Both sides have clear strategic reasons to push the partnership forward. Since Finland and Sweden joined NATO in 2023 and 2024, Russia is the only non-NATO member among the eight Arctic states, leaving Moscow to seek deeper ties with Asian partners instead. For India, the Arctic offers an alternative to congested southern trade lanes: the country currently imports 83% of its oil, according to the Observer Research Foundation, and the case for diversifying supply routes has sharpened considerably since Iran effectively closed the Strait of Hormuz in late February 2026, cutting off roughly 20% of global seaborne oil trade.
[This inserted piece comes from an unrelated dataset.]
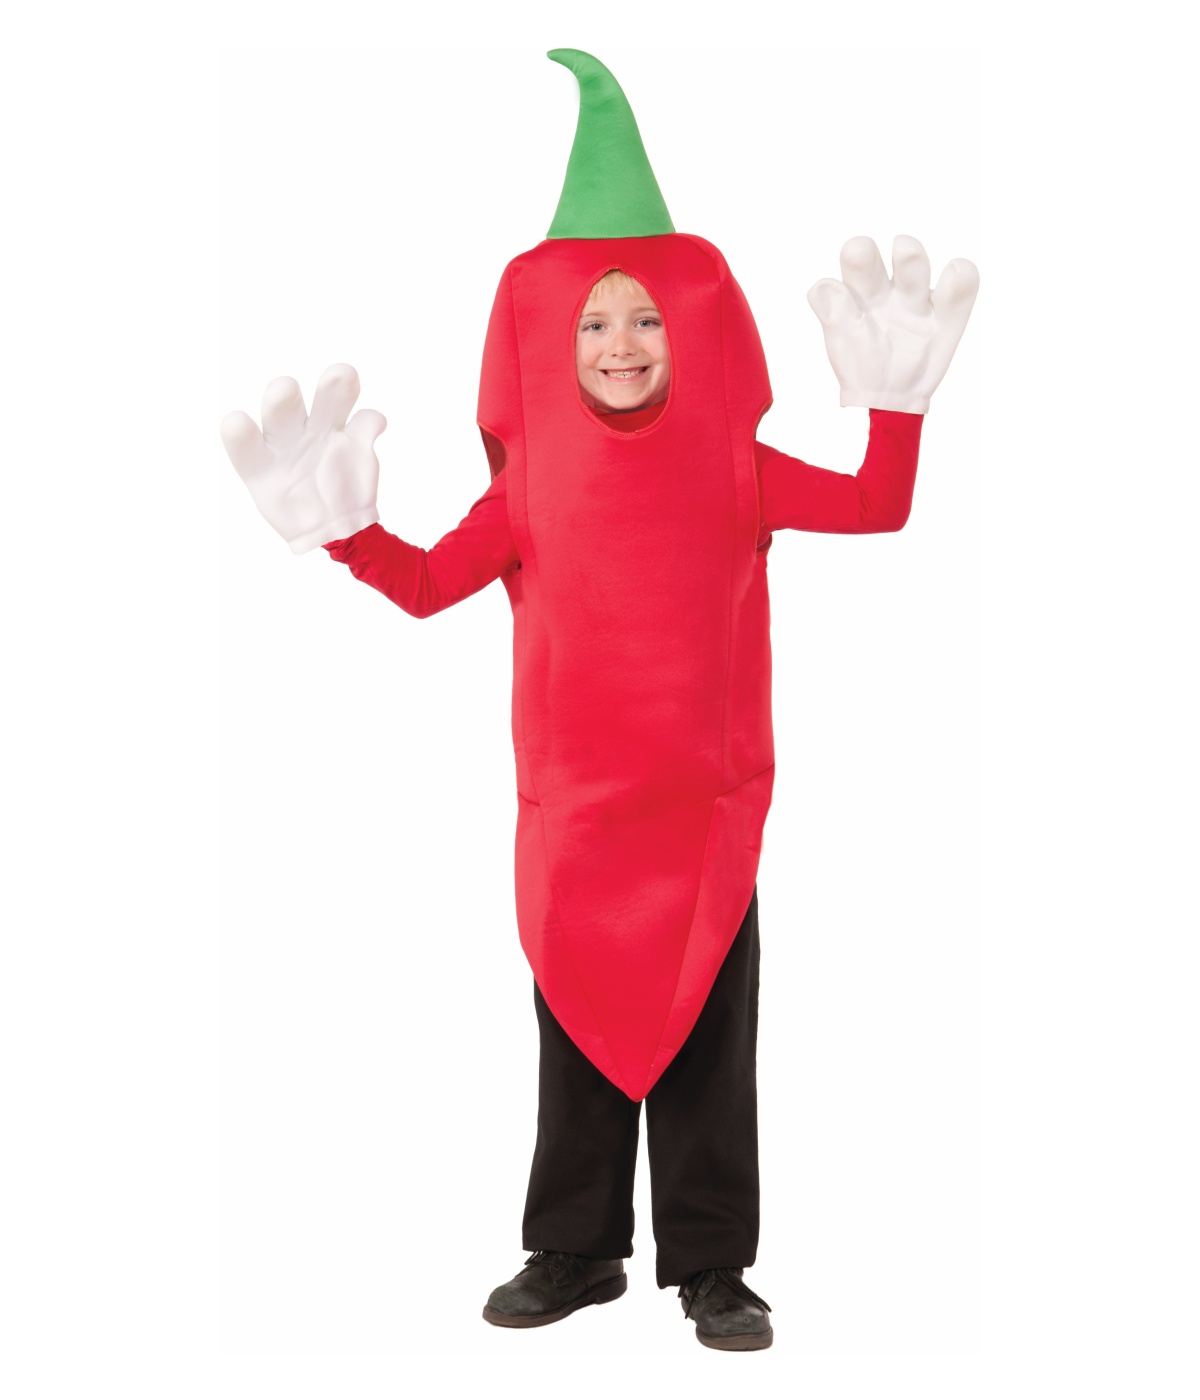  Boys Hot Pepper Costume

Russia’s government has set official cargo targets for the NSR of 150 million tonnes annually by 2030 and 220 million tonnes by 2035, up from a record 37.9 million tonnes recorded by Rosatom in 2024. Arctic Council data published in February 2026 show the number of ships operating in Arctic waters has already grown 40% since 2013, with total distance sailed up 95% over the same period.

Climate science reinforces the trajectory. The Intergovernmental Panel on Climate Change (IPCC) Sixth Assessment Report projects the Arctic Ocean will likely see its first ice-free September before 2050 under moderate and high emissions scenarios — a threshold that would dramatically extend the NSR’s navigable season. The U.S. National Oceanic and Atmospheric Administration puts that timeline potentially within the next decade or two. A 2025 Nature Communications study on long-term Arctic shipping flows suggests Arctic routes could eventually rival the Suez Canal in annual transits by the end of the century.

Analysts see joint shipbuilding as a natural next step. A March 2026 Observer Research Foundation brief notes that constructing ice-class vessels together would benefit both sides: Russia needs to scale its Arctic merchant fleet, while India wants to acquire the technology to build one. In an April 2025 paper published by the same foundation, researchers at The Arctic Institute argue that India’s Arctic strategy is primarily driven by pragmatic commercial interest and has yet to be fully integrated with its broader foreign policy positions. Pavel Devyatkin of the Quincy Institute points to a working principle on the Russian side: Moscow consistently separates its Arctic agenda from wider geopolitical disputes — an approach that has kept the dialogue going regardless of turbulence elsewhere.